Testing the Response Plan: This focuses on decision-making and processes, testing the organization's response plan by identifying gaps, strengthening team roles, and improving communication. These exercises help the organization build and develop its incident response capability, which helps to tame the intense stress that can be seen during an actual cyber incident.

Pivotal Response Plans: Given the increasing threat of credential-based attacks, having concrete and pressure-tested incident response plans is pivotal. This means having visibility into affected systems and the ability to contain and mitigate successful attacks.

Devastating Business Impacts: These recent incidents serve as a reminder of the potentially devastating and long-term business impacts resulting from successful attacks. For example, M&S estimated its profit losses from this security incident would reach approximately £300 million once its services are fully restored. In contrast, Co-op reacted quickly, shutting down its technology systems when its security team detected attackers in their system. As a result, reports indicate that Co-op is recovering faster than M&S, proving that a proactive, coordinated, and pre-defined security plan can save companies millions of pounds.

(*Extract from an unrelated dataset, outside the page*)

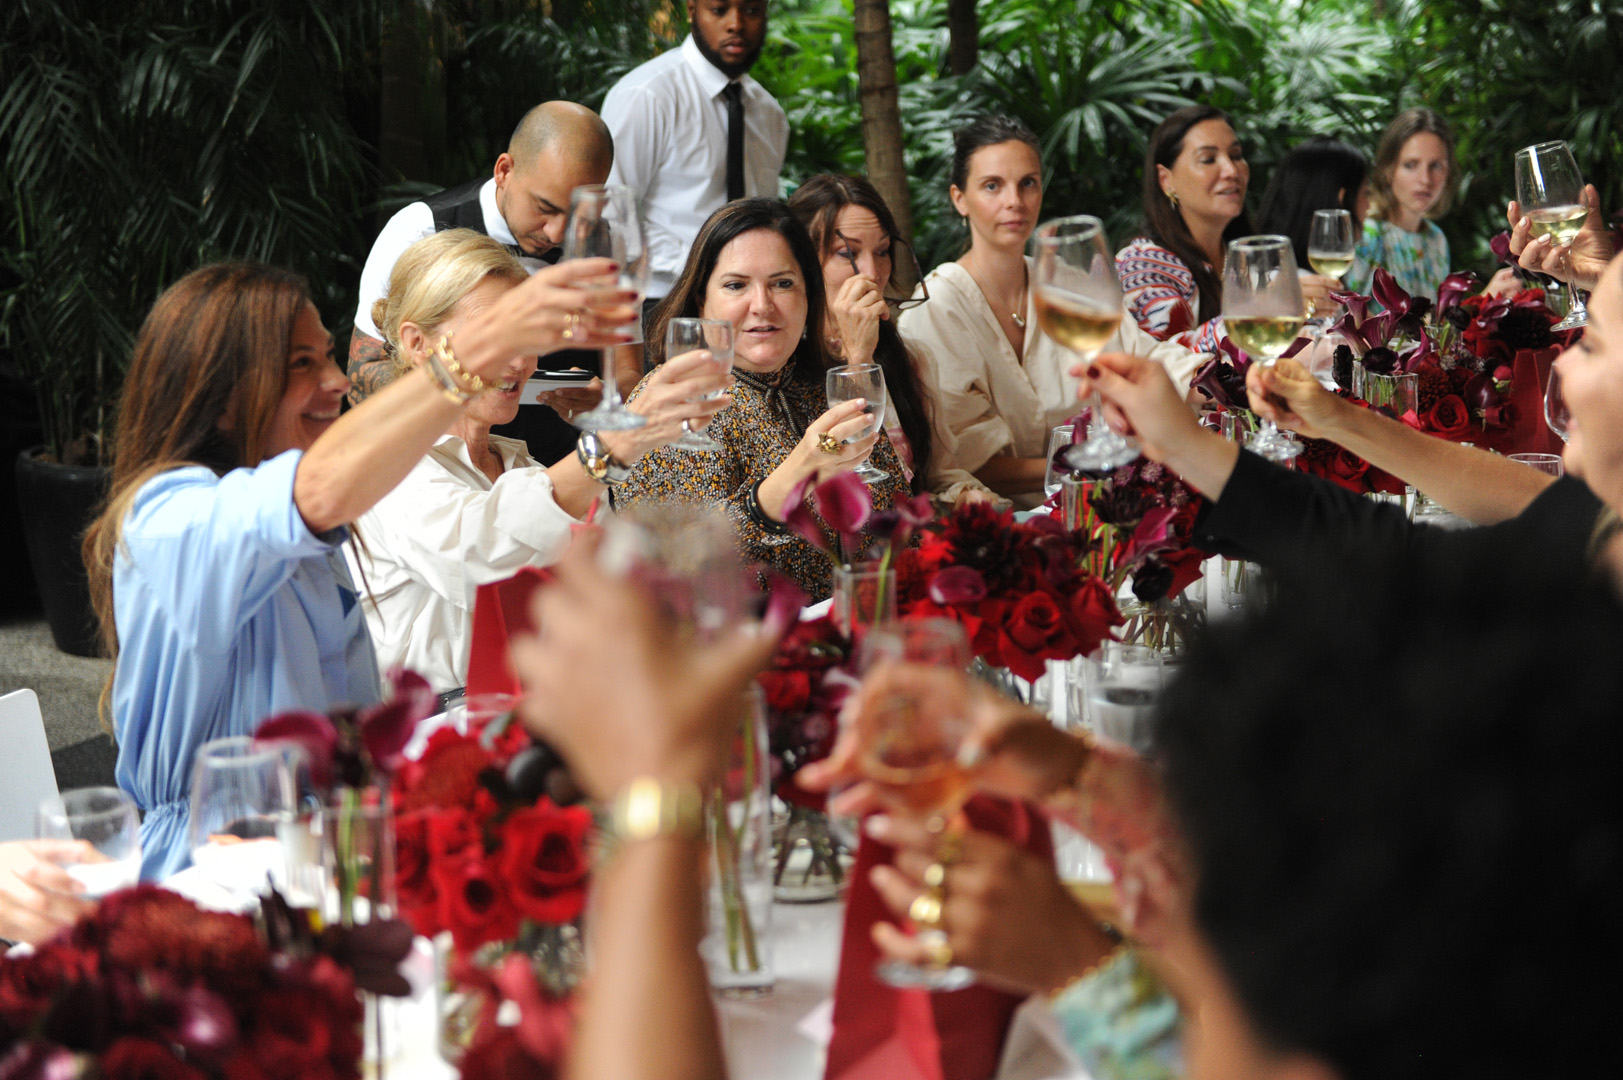 A table of woman hold up wine glasses for a toast

Operational Strategic Security: These latest examples from UK retailers underscore the urgent need for organizations to prepare for abnormal access behaviors and credential misuse. Data shows that attackers are targeting identity tools, exploiting misconfigured systems, and using automation to scale their attacks. In a new era of cyber threats, reactive security is no longer viable. Businesses must ensure their networks are constantly protected, maintained, and updated to suppress the escalation of cyber attacks before they worsen. It is time for businesses to treat network security as a strategic and operational priority, not merely a compliance exercise.